Sara Costantini: “Il mio rapporto artistico con Virgilio è sempre stato basato su un feedback costante, con stimoli continui da entrambe le parti. Avevamo tante immagini che ci ispiravano e che volevamo far entrare nel film. Siamo partiti dal Poema a fumetti di Buzzati, cercando di trasporre i personaggi principali nel miglior modo possibile. Poi abbiamo lavorato sui personaggi inventati, caratterizzandoli in parte secondo il modello di Buzzati e in parte attraverso la nostra immaginazione, attingendo al nostro bagaglio culturale e artistico. Dentro c’è di tutto: il cinema sperimentale del primo Novecento, i costumi da cabaret… È come se avessimo seguito un filo conduttore legato a una certa epoca, che però volevamo anche tradire, creando un periodo storico che non esiste davvero. Quando guardi Orfeo non capisci esattamente da cosa ci siamo ispirati, ma tutto funziona perfettamente: sembra davvero un sogno”.
E parlando di sogno: il film sembra costruire un vero ecosistema onirico, grazie alle molte influenze artistiche — dall’Art Nouveau al realismo magico, dall’animazione alle arti visive. È come se il film stesso fosse un grande sogno cinematografico.
V.V.: “Anche nella prima parte del film, che è quella più realistica, abbiamo cercato una regia fatta di sguardi, di momenti sospesi.

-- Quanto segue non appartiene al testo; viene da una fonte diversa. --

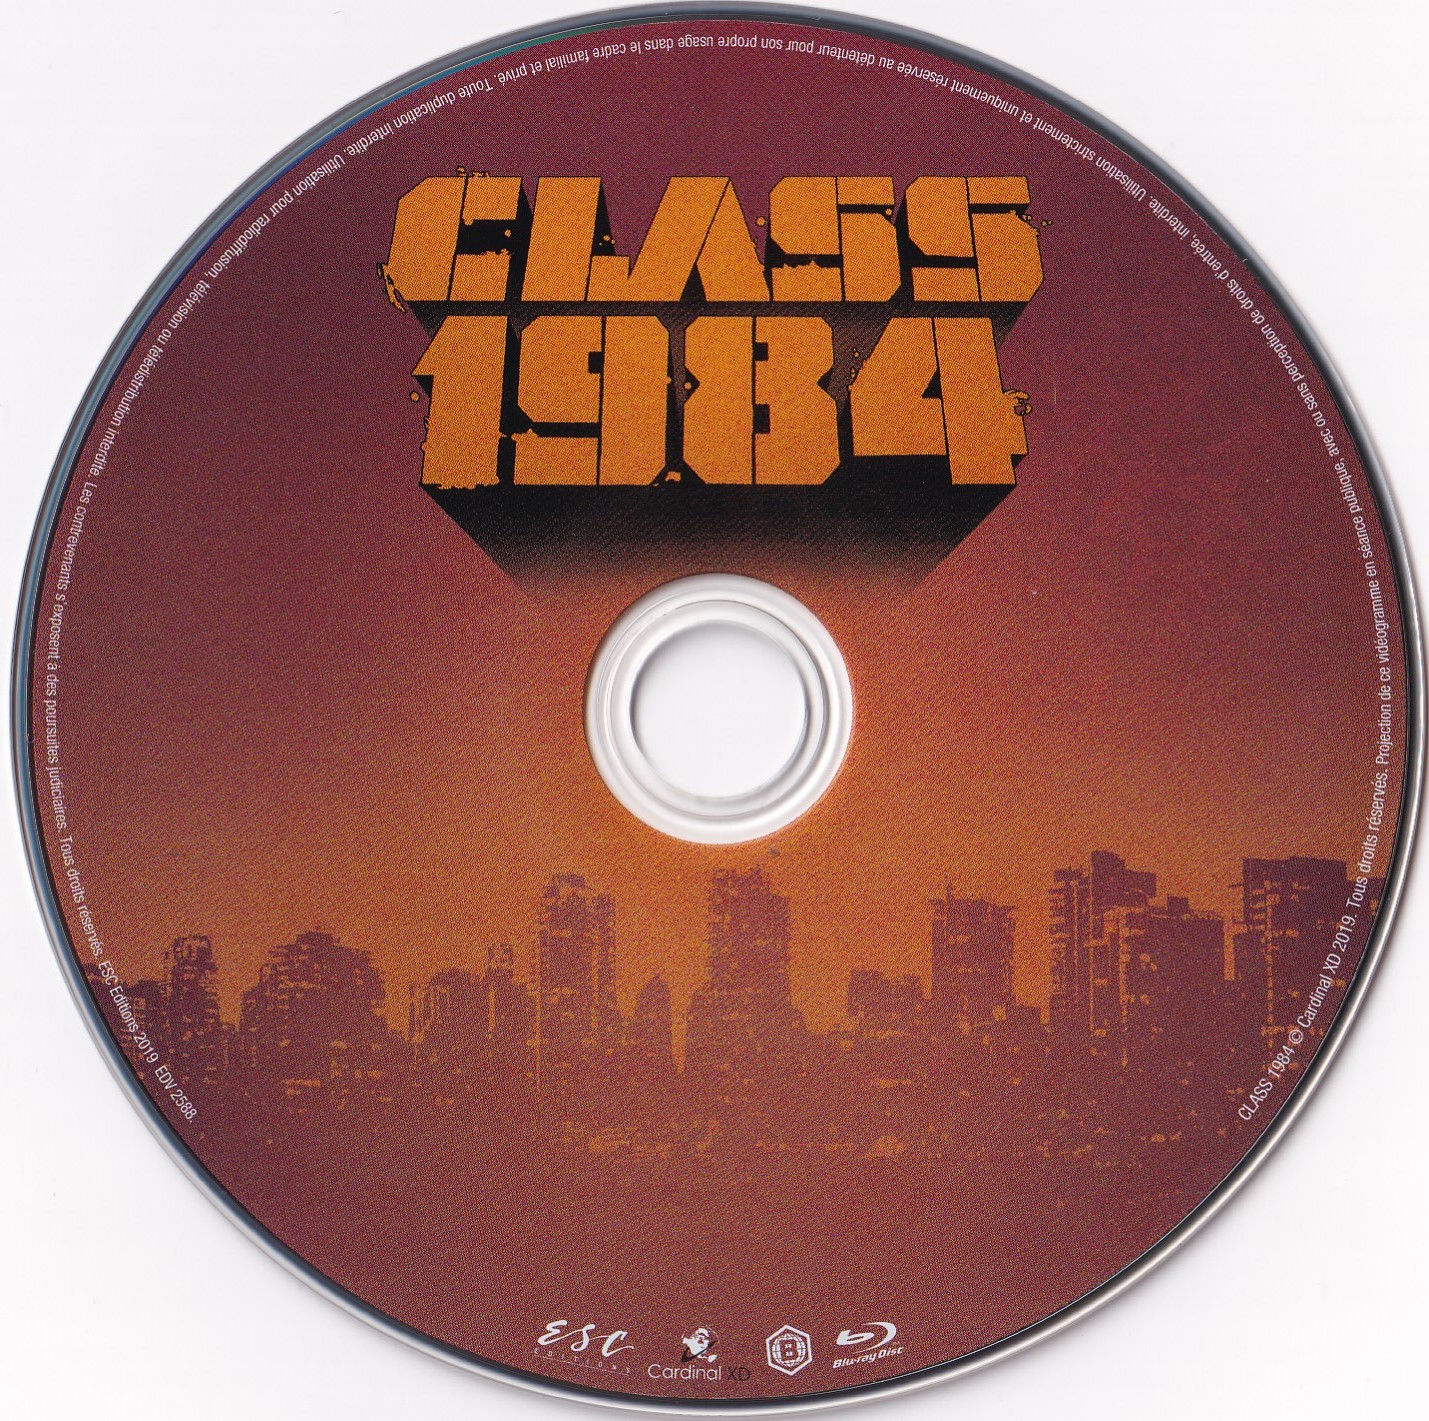 Class 1984 (BLU-RAY)

Per quanto riguarda decorazioni e ambienti, credo che quello sia un riflesso naturale delle cose che ho amato nella vita. Molti oggetti di scena sono oggetti della mia collezione personale, cose che avevo a casa e che ho semplicemente portato sul set. Ci siamo divertiti persino a ridisegnare le finestre ispirandoci ai palazzi francesi del primo Novecento. È stata una festa. C’è tutto: ricordi, passioni, influenze dei designer che mi hanno formato — da Portaluppi a Fornasetti. Potrei dire che Orfeo è stato un viaggio nel profondo di tutto ciò che ho apprezzato nella vita”.